OWNER:  U.S. Fish and Wildlife Service

DIRECTIONS:  This is the first site on the trail. From the intersection of Route 9 and Route 30 in Absecon, continue North on Route 9/New Road. After 4.0 miles, turn Right onto Great Creek Road. Continue for 0.8 miles to the parking area at Edwin B. Forsythe National Wildlife Refuge. Refuge sign at Route 9. Entrance can be reached via Great Creek Road or Lily Lake Road.   Map
ACCESS AND PARKING:  Headquarters is open weekdays, 10:00 a.m. to 3:00 p.m. The Wildlife Drive and trails are open daily from dawn to dusk. The daily entrance pass is $4.00 per vehicle, or $2.00 per pedestrian or bicycler. Children under 16 are admitted free. At various times during the year, the Wildlife Drive and trails are closed to the public in order for the refuge to carry out wildlife management plans, so it is best to check the web site or call prior to visiting. Organized groups are requested to contact the refuge to register their visits in advance.

NEAREST PUBLIC TRANSPORTATION:  NJ Transit Bus No. 559 Lakewood/Atlantic City stops at Route 9 and Leeds Point Road. Walk 0.1 mile South on Route 9 and turn Left on Great Creek Road. Continue for 0.8 miles to the Wildlife Refuge entrance.

At various times during the year, the Wildlife Drive and trails are closed to the public in order for the refuge to carry out wildlife management plans, so it is best to check the web site or call prior to visiting. Organized groups are requested to contact the refuge to register their visits in advance.

SPECIAL FEATURES:  Be sure to check out the eBird Trail Tracker just outside the new Visitor Contact Station. Visitors can report the precise locations of wildlife sightings. There are three viewing platforms equipped with fixed scopes – two are visible from the wildlife drive. The third and newest platform is marked by a sign on the left side of the auto loop after it enters the uplands, known as the “experimental pool viewing area.” Hiking trails: Akers Woodland Trail – This is a small loop from the parking area that is an excellent trail for spring and fall migrant songbirds and features interpretive panels. Leeds Eco-trail – This is another small trail that begins at the bottom of the hill at the beginning of the wildlife drive. It features a raised boardwalk over the marsh and trail showing transition from Spartina grassland to pine/oak upland. On warm days at low tide, fiddler crabs can be glimpsed scurrying across the mud under the boardwalk. Jens Trail/Songbird Trail - Near the end of the auto tour, a trail spurs off to the right around a small pond. This is Jen’s Trail, another excellent place for spring and fall birding. Jen’s trail connects to the more recently opened and longer songbird trail, for those who want a longer, more intensive hike. Each trail is marked with colored blazes and re-emerges along the auto loop. Lily Lake – Lily Lake is accessible from Lily Lake Road. From the refuge parking area, continue through the gate and go straight down the dirt road instead of bearing Right. After the dirt road becomes paved again, look on your right for a small parking area next to the Noyes Museum. A path leads to Lily Lake where a dam provides a convenient point from which to scan for Green Heron, Belted Kingfisher, Wood Duck and flycatchers such as Eastern Kingbird, Phoebe and Great-crested Flycatcher. Painted turtle and green frog are common here. Fishing is permitted in the lake with a freshwater license. Bluegill, largemouth bass, pickerel and catfish are abundant.

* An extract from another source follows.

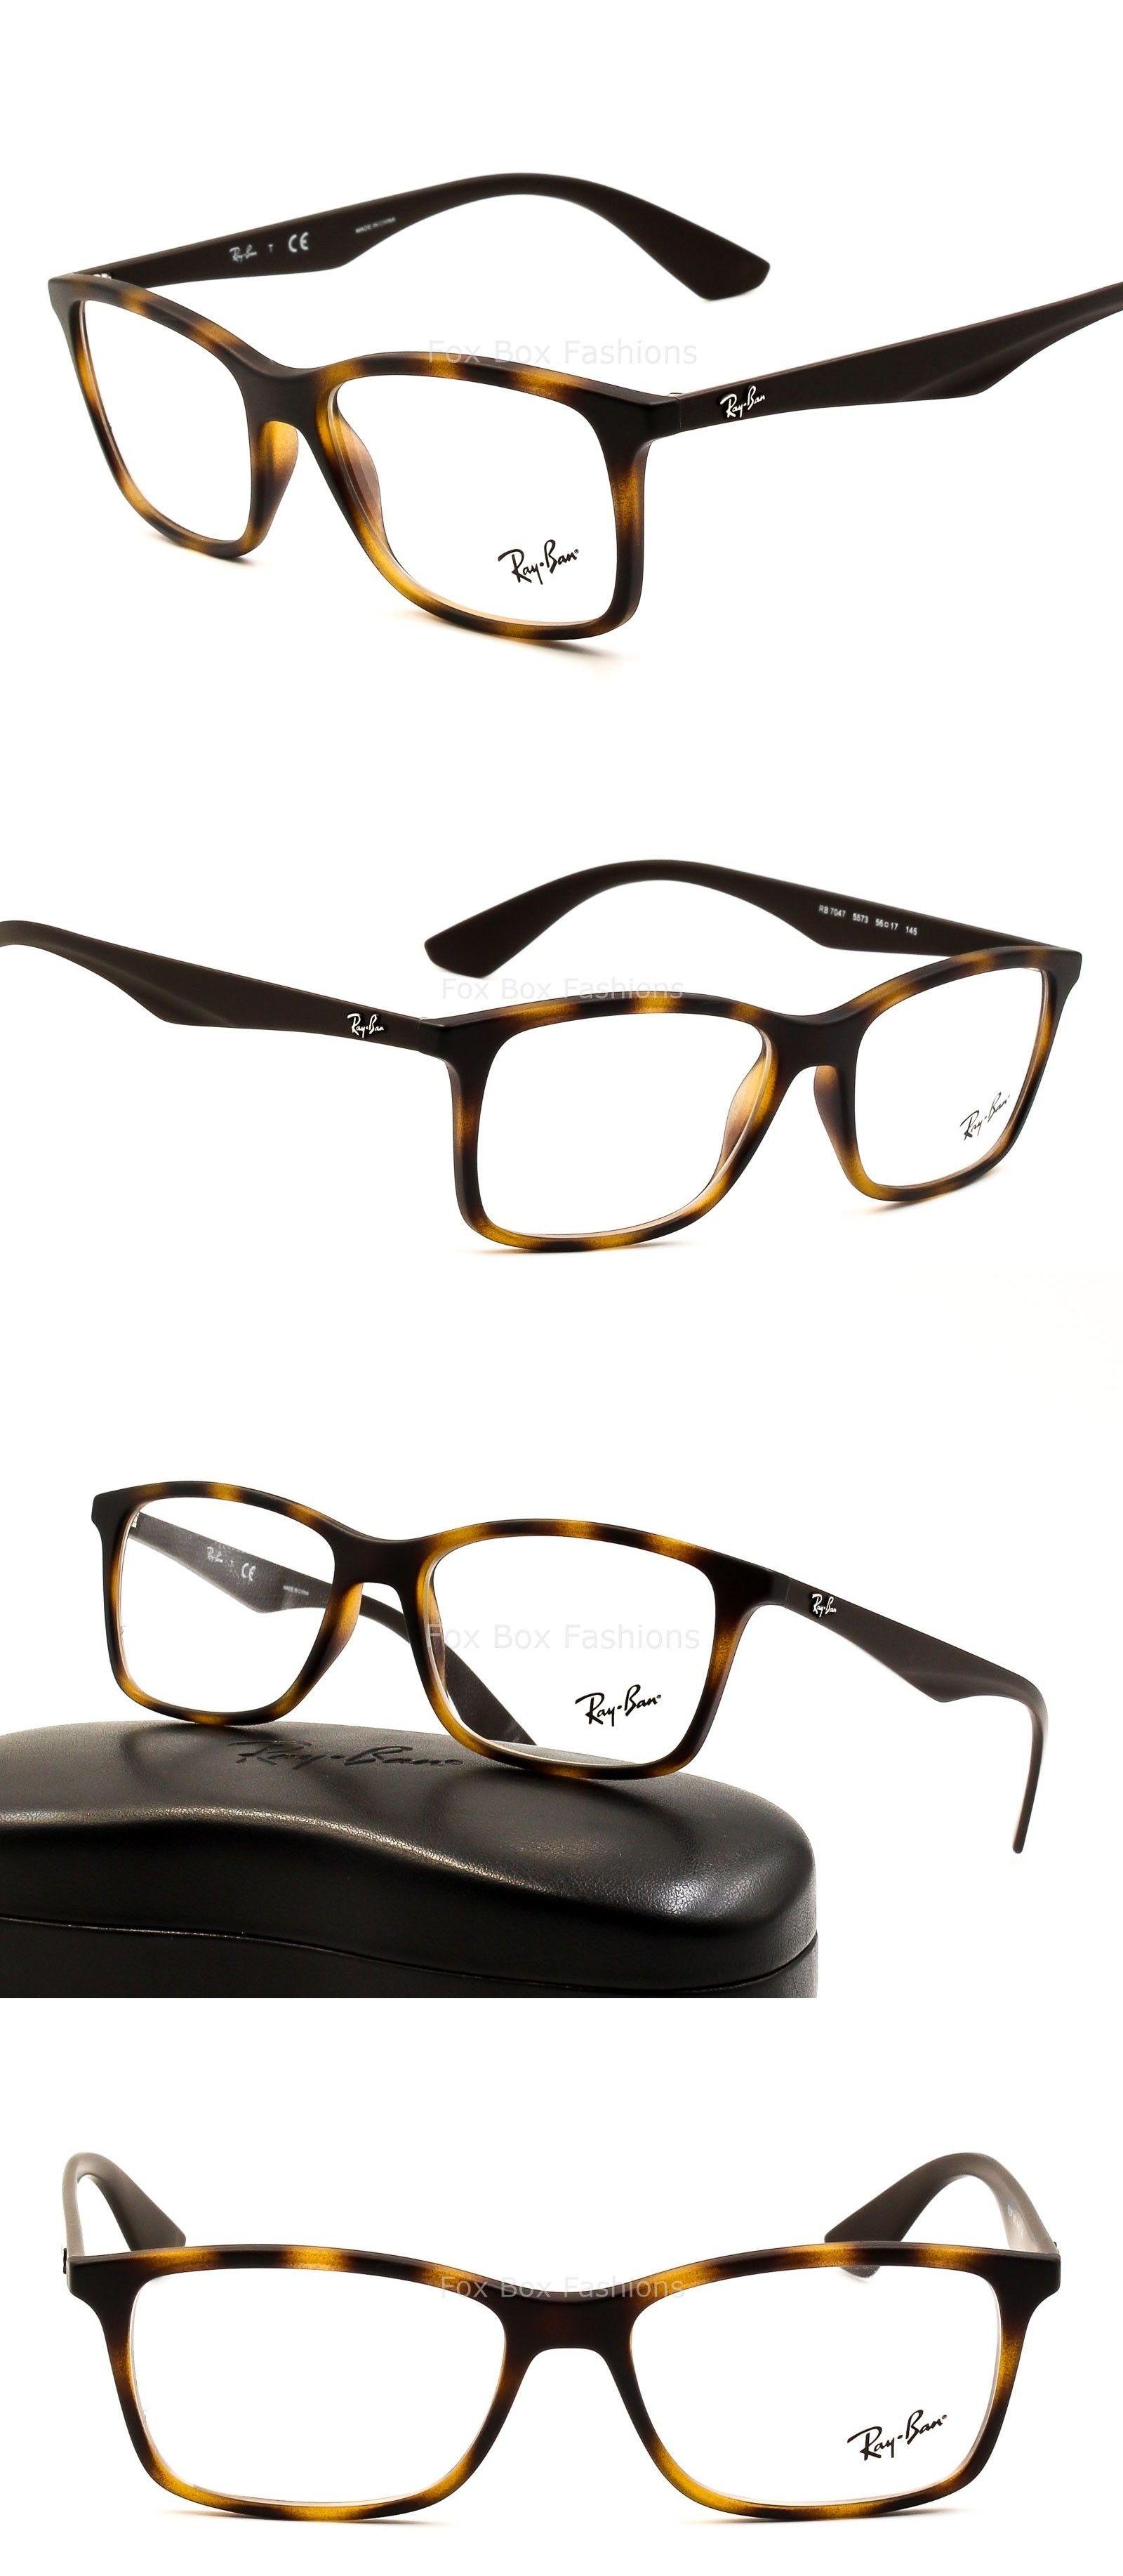 02502580eb Eyeglass Frames  Ray-Ban 7047 5573 Eyeglasses Optical Frames Glasses Matte  Tortoise 56Mm ~ W Case -  BUY IT NOW ONLY   74.95 on eBay!
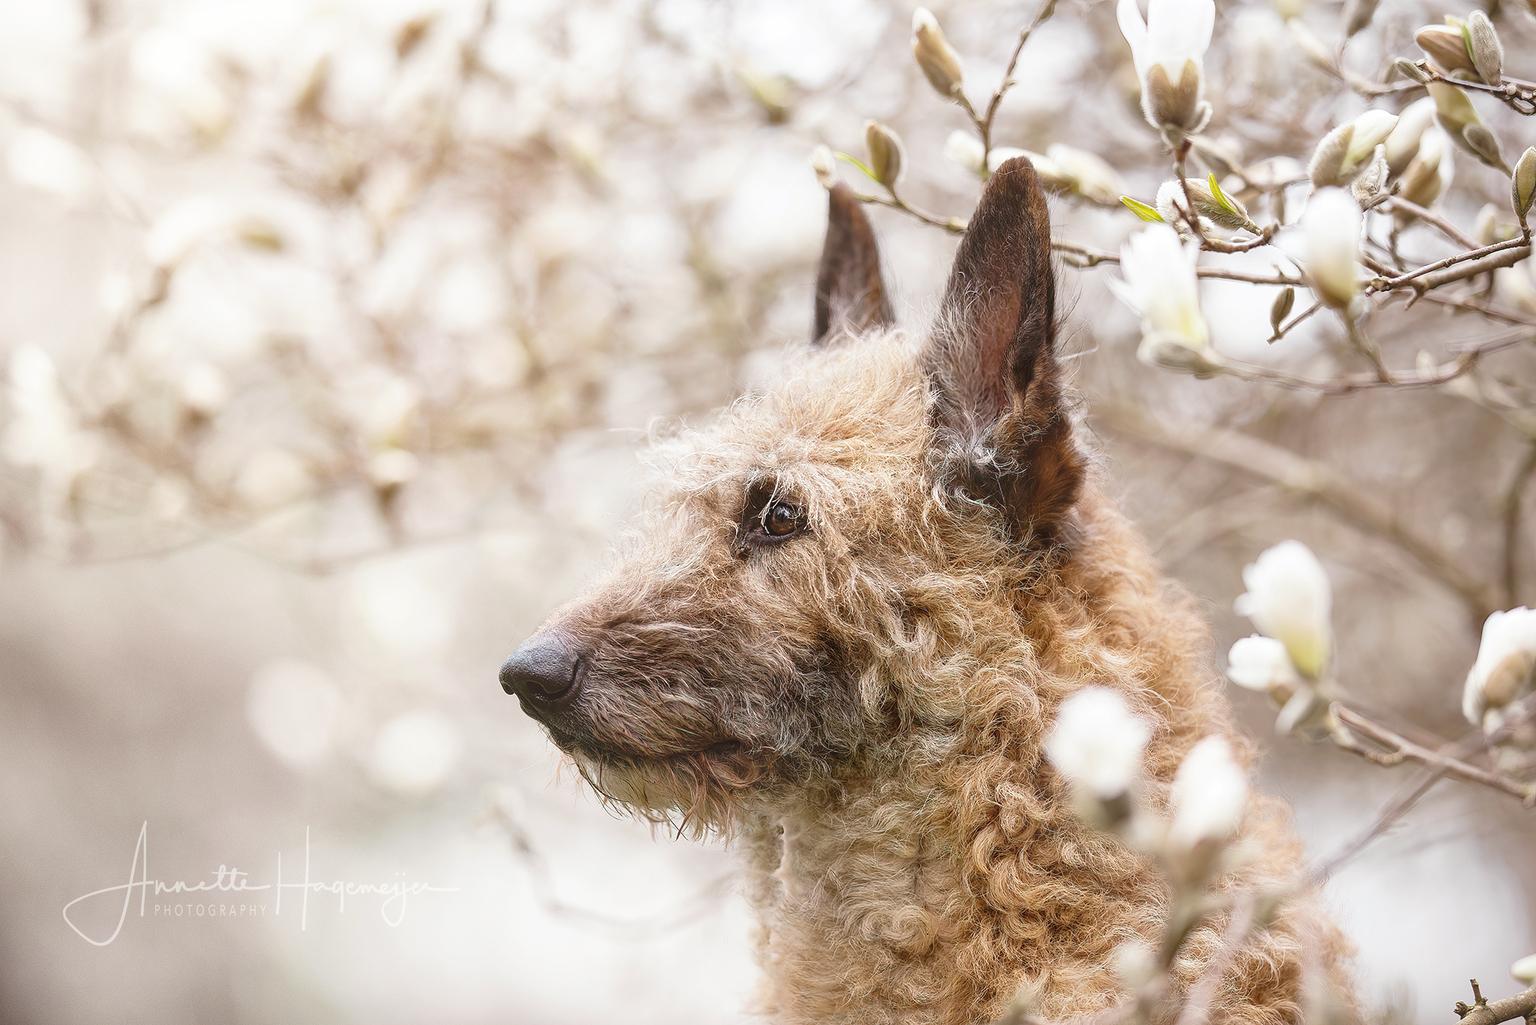 Sterre in de bloesem - Laekense herder Sterre poseert tussen de magnoliabloesems - foto door AnnetteHagemeijer op 13-04-2021 - deze foto bevat: laekense herder, hond, huisdier, bloesem, magnolia, lente, buiten, portret, hond, carnivoor, hondenras, takje, fawn, sneeuw, snuit, bakkebaarden, terrestrische dieren, fabriek

SITE DESCRIPTION:  Originally established as two separate refuges, Barnegat and Brigantine National Wildlife refuges were combined in 1984 to form Edwin B. Forsythe National Wildlife Refuge. Next to Cape May, this refuge is perhaps one of the most well-known birding hot spots in New Jersey. Over 46,000 acres are protected in the Forsythe Refuge complex, most of which is tidal salt marsh providing important stopover habitat for birds migrating along the Atlantic Flyway. An eight-mile auto loop extends from the headquarters area and explores freshwater impoundments bordered by salt marsh, grasslands, white cedar swamp, and pine/oak uplands. “Wildlife drive” as it is called, always delivers what it promises – lots of wildlife!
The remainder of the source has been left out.